Tanzstück von Gentian Doda

Musik von Joaquín Segade

 

„Pierrot lunaire“

Choreographie von Marco Goecke

Musik von Arnold Schönberg

 

„Por vos muero“

Ballett von Nacho Duato

Musik des spanischen 15. und 16. Jahrhunderts

Texte von Garcilaso de la Vega

 

 

Das Ballett der Gegenwart ist reich an großen Namen und mutigen Schöpfern: Die Choreographen, die sich den einzigartigen Möglichkeiten klassisch geschulter Tänzer widmen und diese für die zeitgenössische Sichtweisen auf der Bühne entfalten, bilden einen illustren wie spezialisierten Kreis.

 

Unter ihnen ist Marco Goecke, als Spross des Stuttgarter Ballettschaffens ein weltweit gefragter Name mit unverwechselbarem Stil, der mit den Tänzerinnen und Tänzern des Staatsballetts Berlin sein Werk „Pierrot Lunaire“ erarbeitet, das auf der Komposition von Arnold Schönberg beruht.

 

Gentian Dodas Arbeit ist gepägt von der uralten albanischen Kultur, die sich traditionell eher von Asymmetrie und Komplexität angezogen fühlt als von dem Ideal der Perfektion und Reinheit.

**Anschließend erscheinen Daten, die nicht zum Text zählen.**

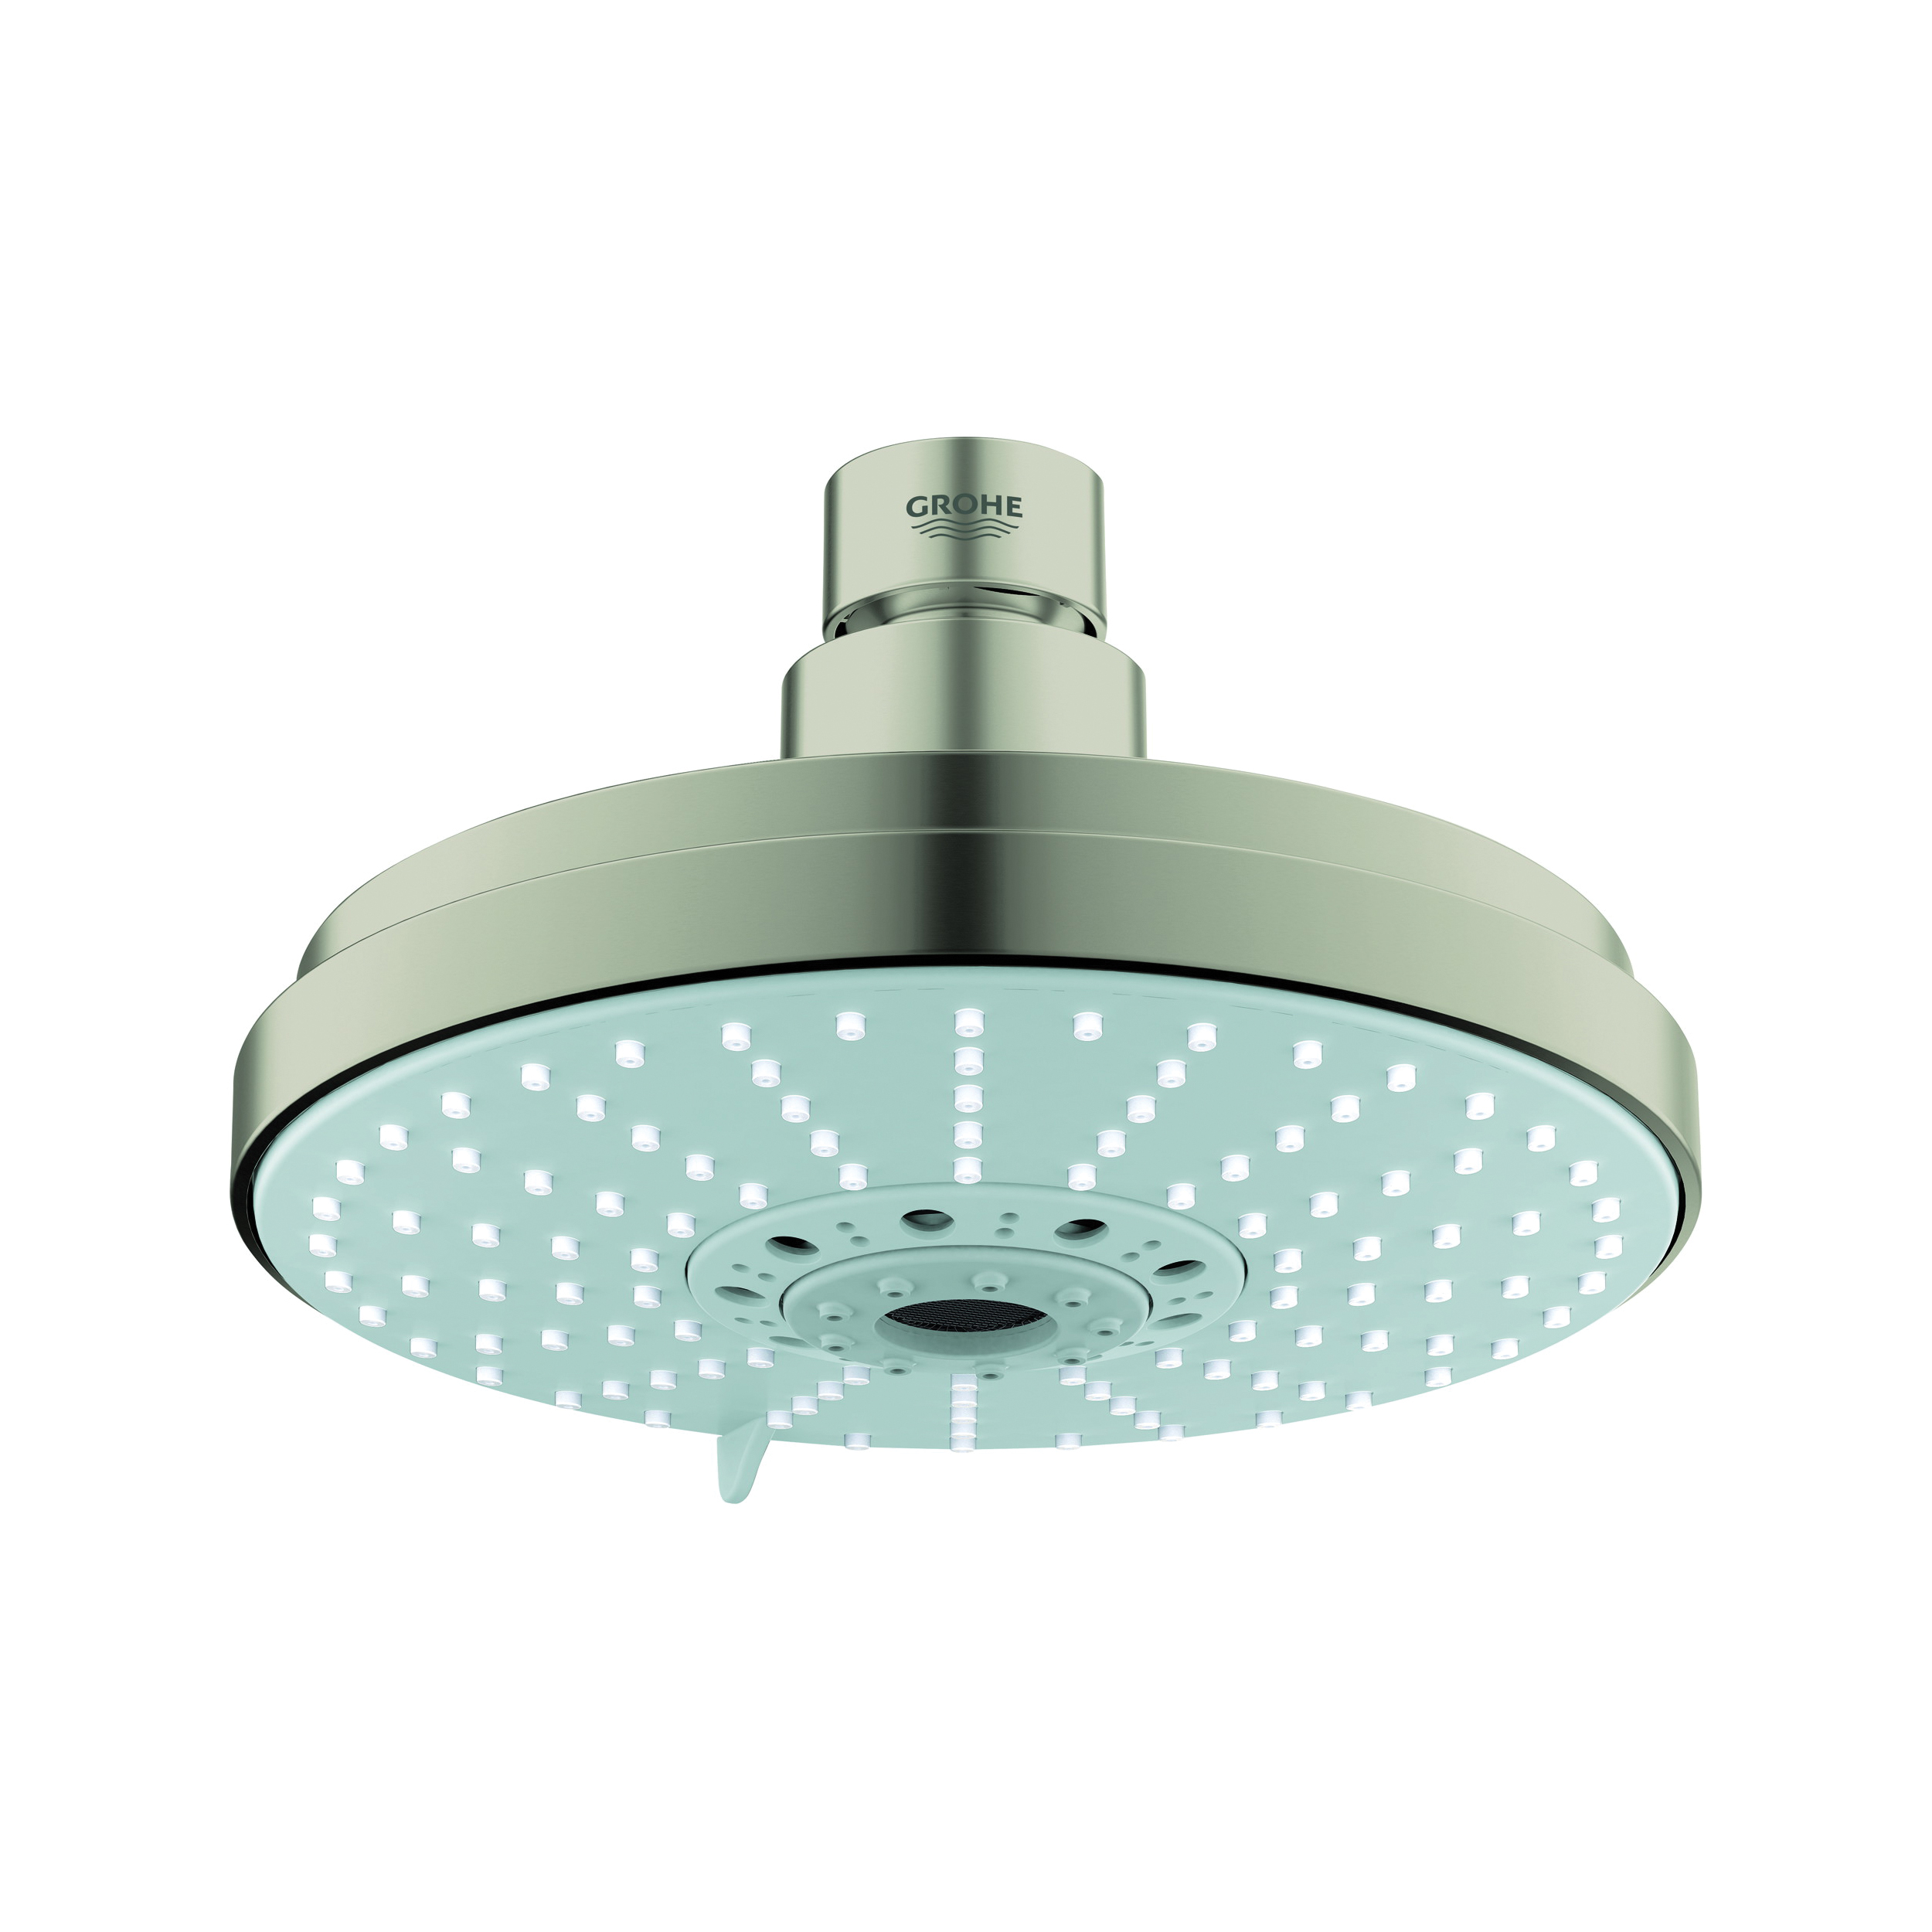 GROHE 27135EN0 Rainshower® Cosmopolitan 160 Shower Head, 2.5 gpm, 4 Sprays, Ceiling Mount, 6-5/16 in Dia Head, Import

Im Zentrum seiner Werke stehen Menschen, die – auf sich allein gestellt – der Überlegenheit von Kräften und Schicksalen ausgesetzt sind.

 

Mit seinem Meisterwerk „Por vos muero“ vervollständigt Nacho Duato diesen dreiteiligen Abend, um mit einer Berliner Erstaufführung eine weitere Facette seines künstlerischen Schaffens zu eröffnen. Er erarbeitet diese Choreographie für die Bühne der Komischen Oper Berlin vollkommen neu und adaptiert die Bewegungssprache individuell für seine Berliner Compagnie.